4. Who Is the Sophisticated Investor?

5. Giving It Back.

This book is written as a guide. It will not give you specific answers. The purpose of this book is to help you understand what questions to ask. And if this book does that, it has done its job. Rich dad said, "You cannot teach someone to be a sophisticated investor. But a person can learn to become a sophisticated investor. It’s like learning to ride a bicycle. I cannot teach you to ride a bicycle, but you can learn to ride a bicycle. Learning to ride a bicycle requires risk, trial and error, and proper guidance. The same is true with investing. If you do not want to take risks, then you’re saying you do not want to learn. And if you do not want to learn, then I cannot teach you."


If you’re looking for a book on hot investment tips, or how to get rich quick, or the secret investment formula of the rich, this book is not for you. This book is really about learning more than investing. It is written for people who are students of investing, students who seek their own path to wealth rather than look for the easy road to wealth.

This book is about rich dad’s five phases of development, the five phases that he went through and that I am currently going through. If you are a student of great wealth, you may notice while reading this book that rich dad’s five phases are the same five phases that the richest business people and investors in the world went through in order to become very, very rich. Bill Gates, founder of Microsoft; Warren Buffet, America’s richest investor; and Thomas Edison, founder of General Electric, all went through these five phases. They are the same five phases that the young new millionaires and billionaires of the Internet or the "dot com" generation are currently going through while still in their twenties and thirties. The only difference is that because of the Information Age, these young people went through the same phases faster...and maybe so can you.

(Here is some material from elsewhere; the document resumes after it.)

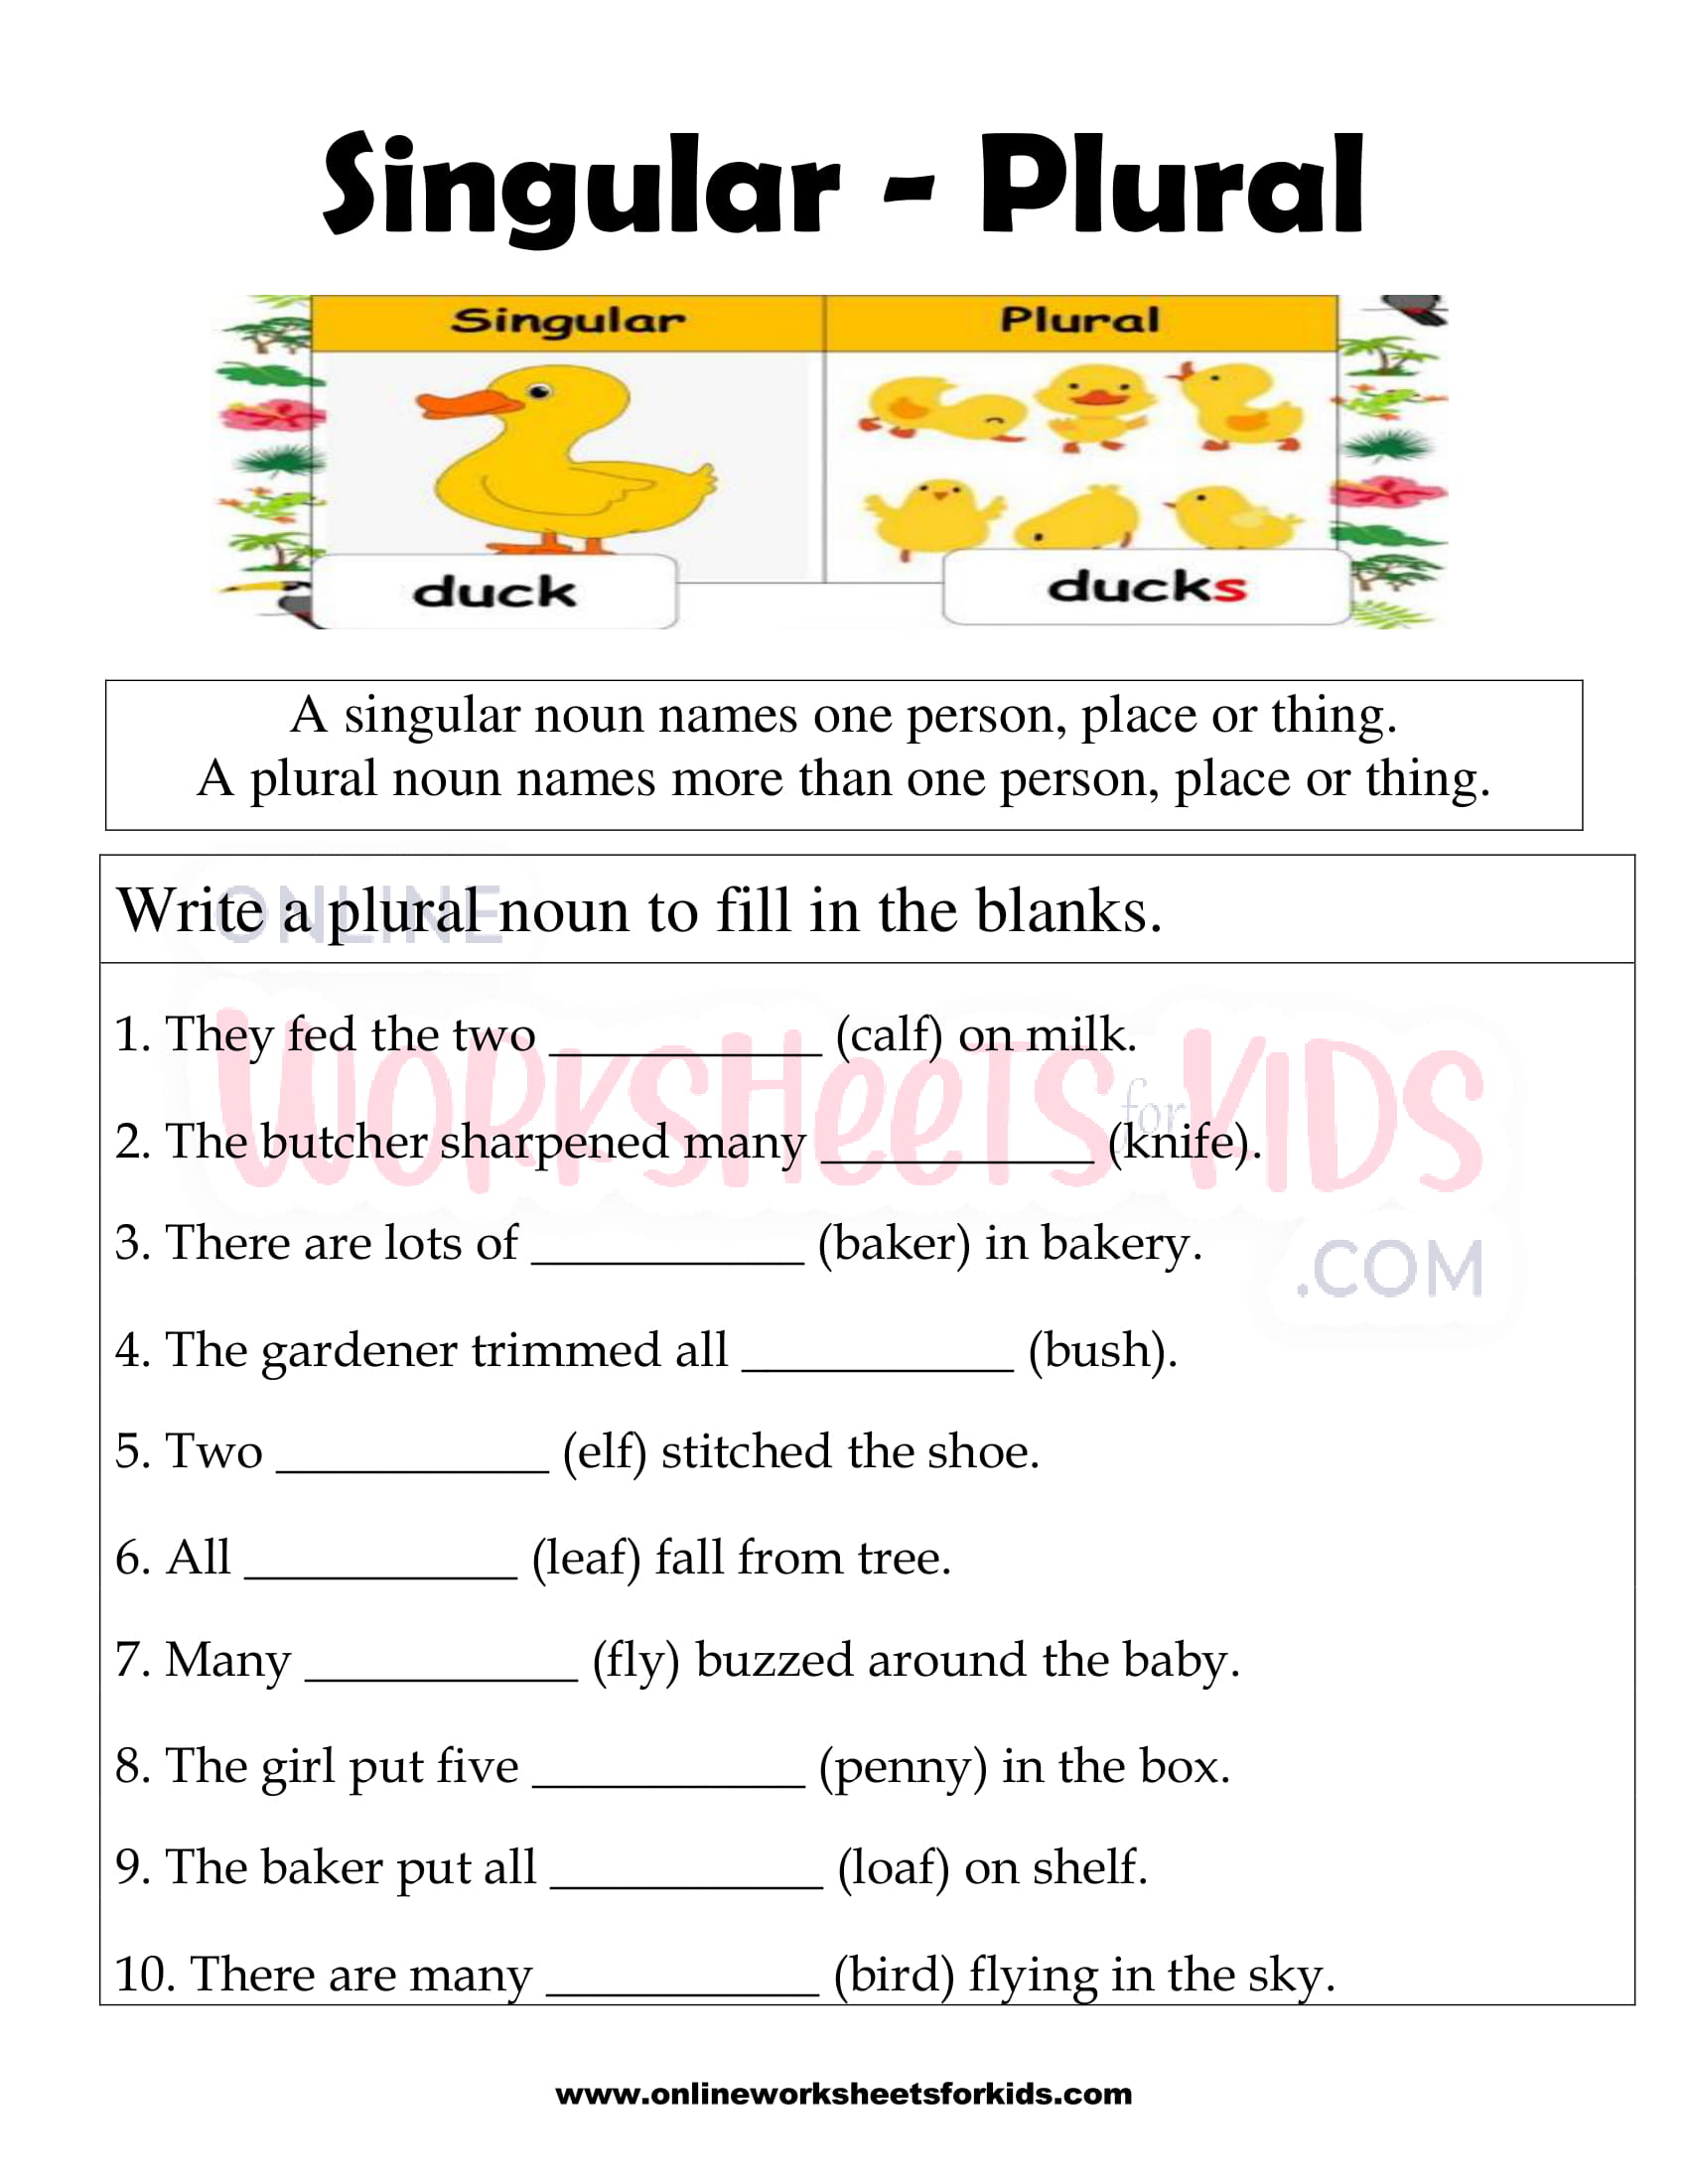 singular-and-plural-nouns-fb-worksheet-6
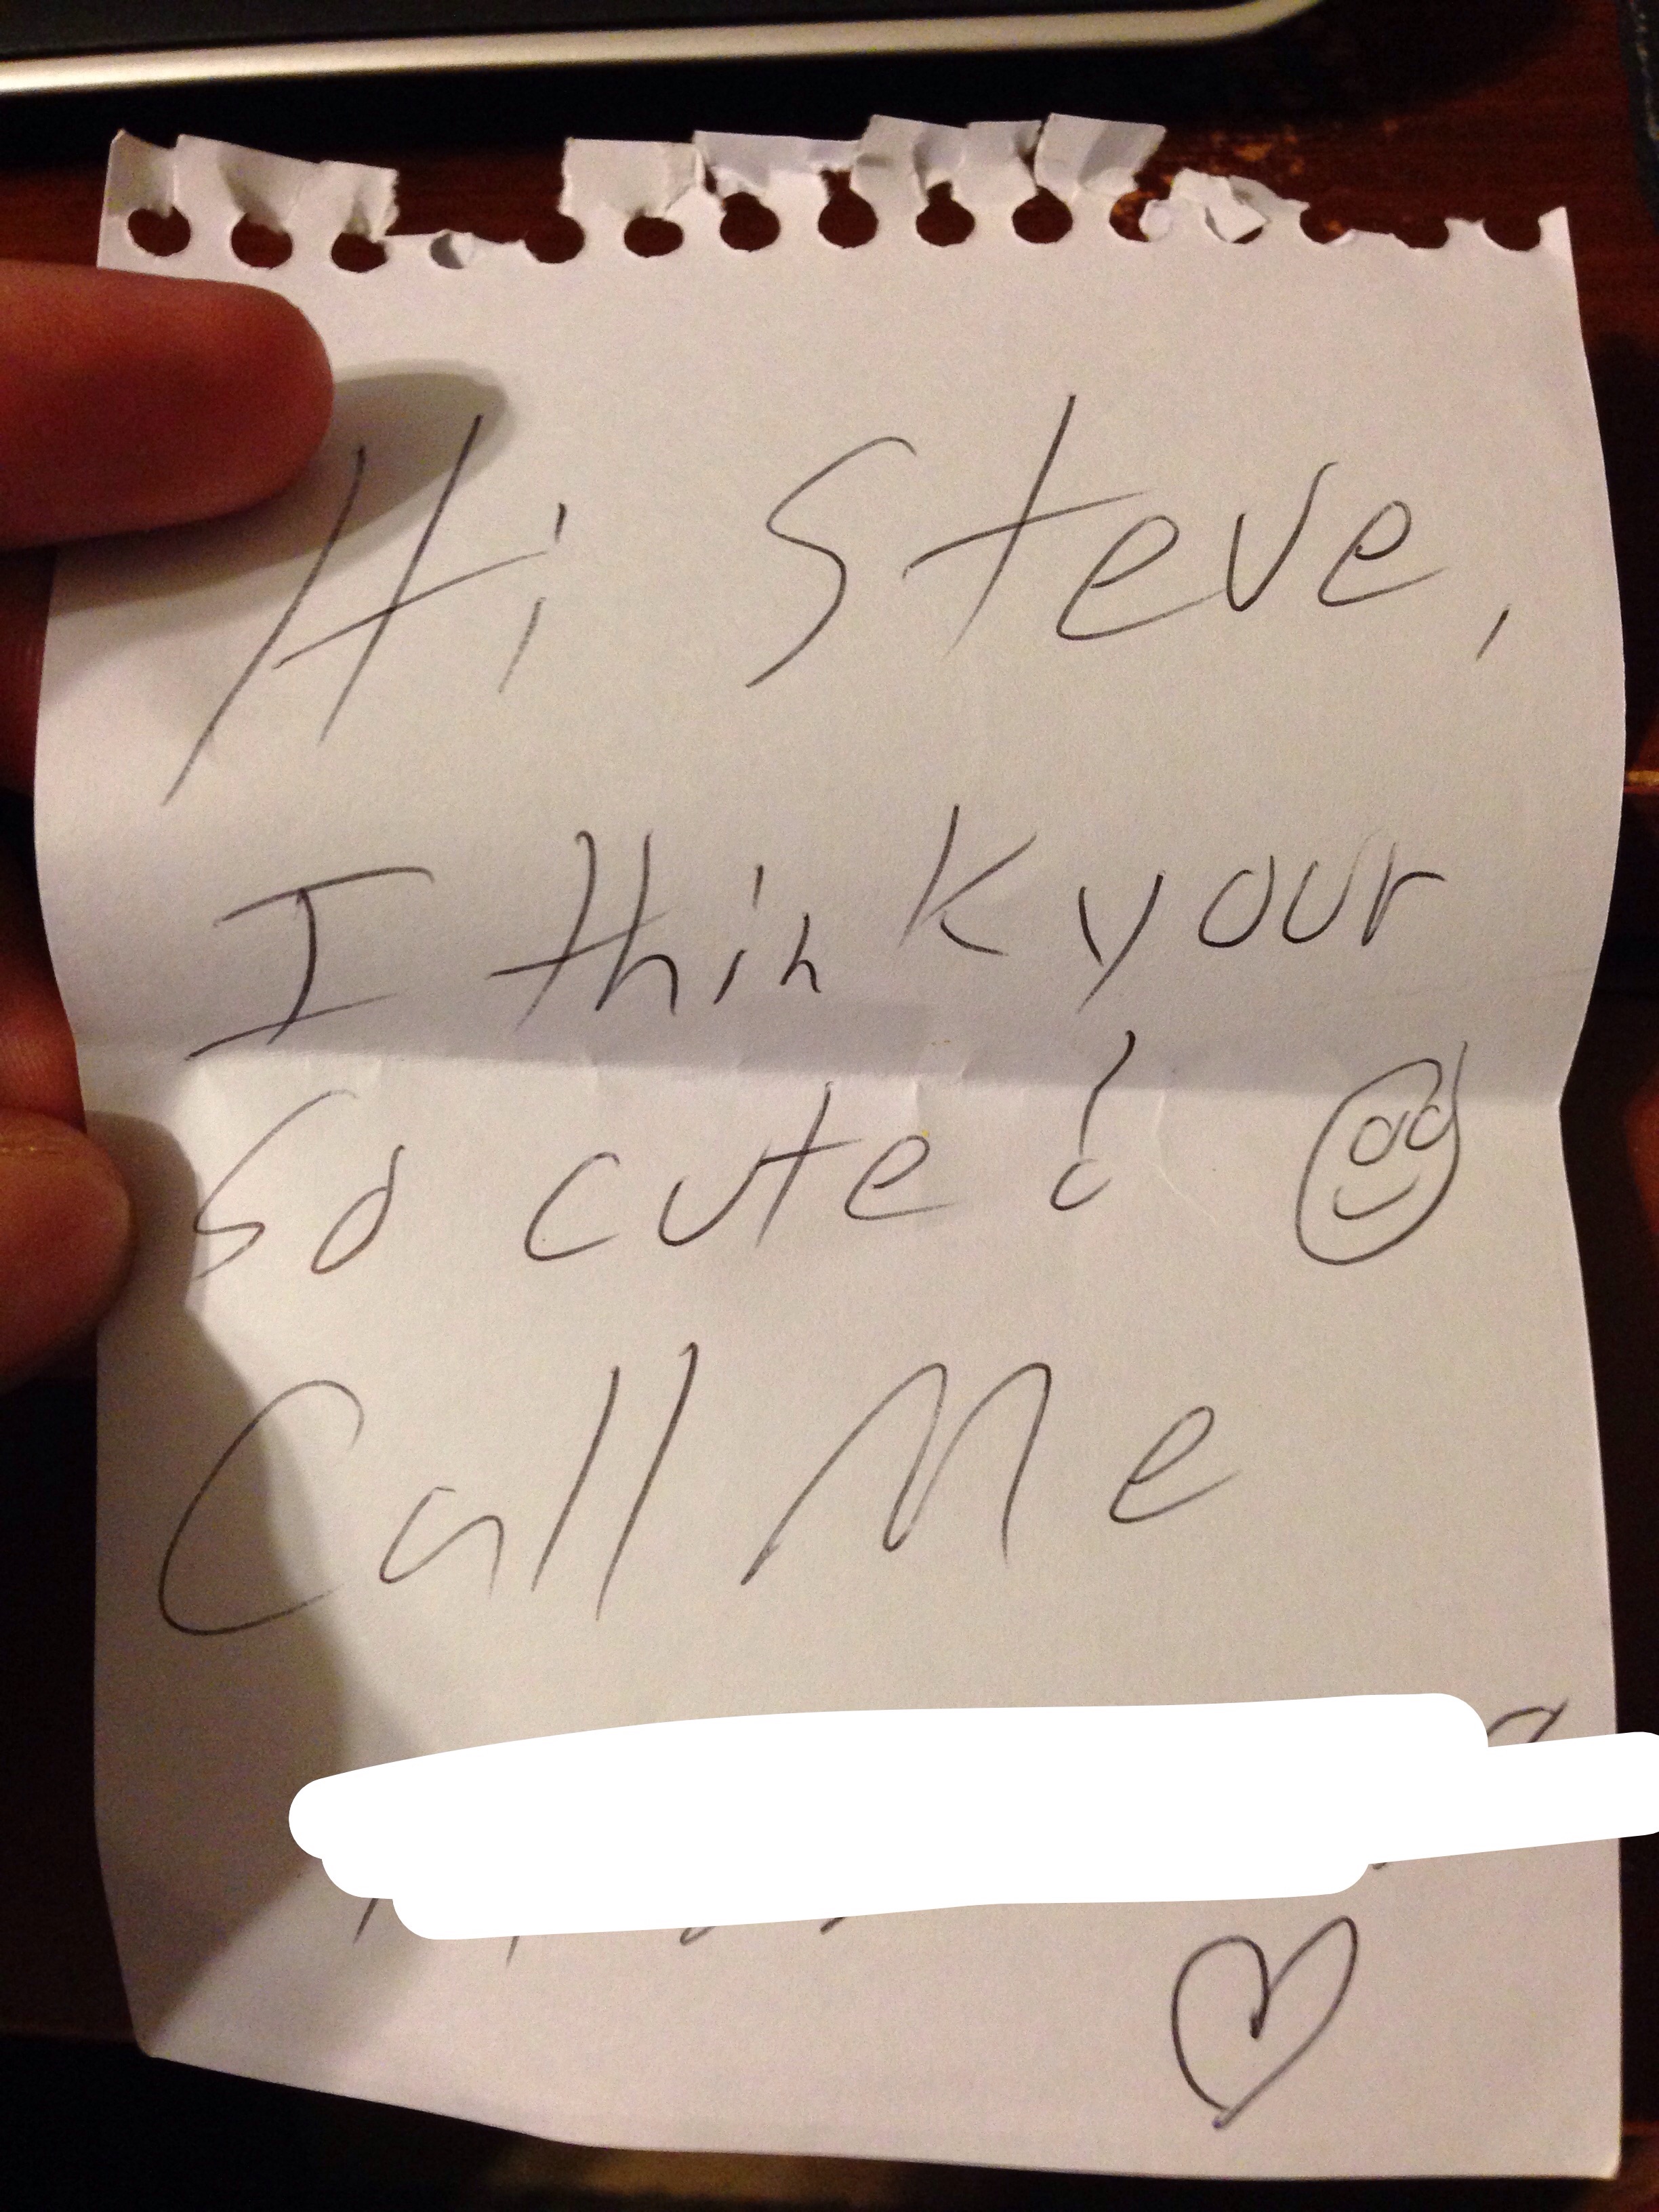 handwriting - Steve, I think your so cute & all me

Are You Part of the Revolution?

Great wealth, vast fortunes, and mega-rich families were created during the Industrial Revolution. The same is going on today during the Information Revolution.

I find it interesting that today we have self-made multi-millionaires and billionaires who are twenty, thirty, and forty years of age; yet we still have people forty and over having a tough time hanging on to $50,000-a-year job’s. One reason causing this great disparity is the shift from the Industrial Age to the Information Age. When we shifted into the Industrial Age, people like Henry Ford and Thomas Edison became billionaires. Today, shifting into the Information Age, we have Bill Gates, Michael Dell, and the founders of the Internet companies becoming young millionaires and billionaires. These twenty-somethings will soon be passing Bill Gates–who is old at 39–in wealth. That is the power of a shift in ages, the shift from the Industrial Age to the Information Age. It has been said that there is nothing so powerful as an idea whose time has come...and there is nothing so detrimental than someone who is still thinking old ideas.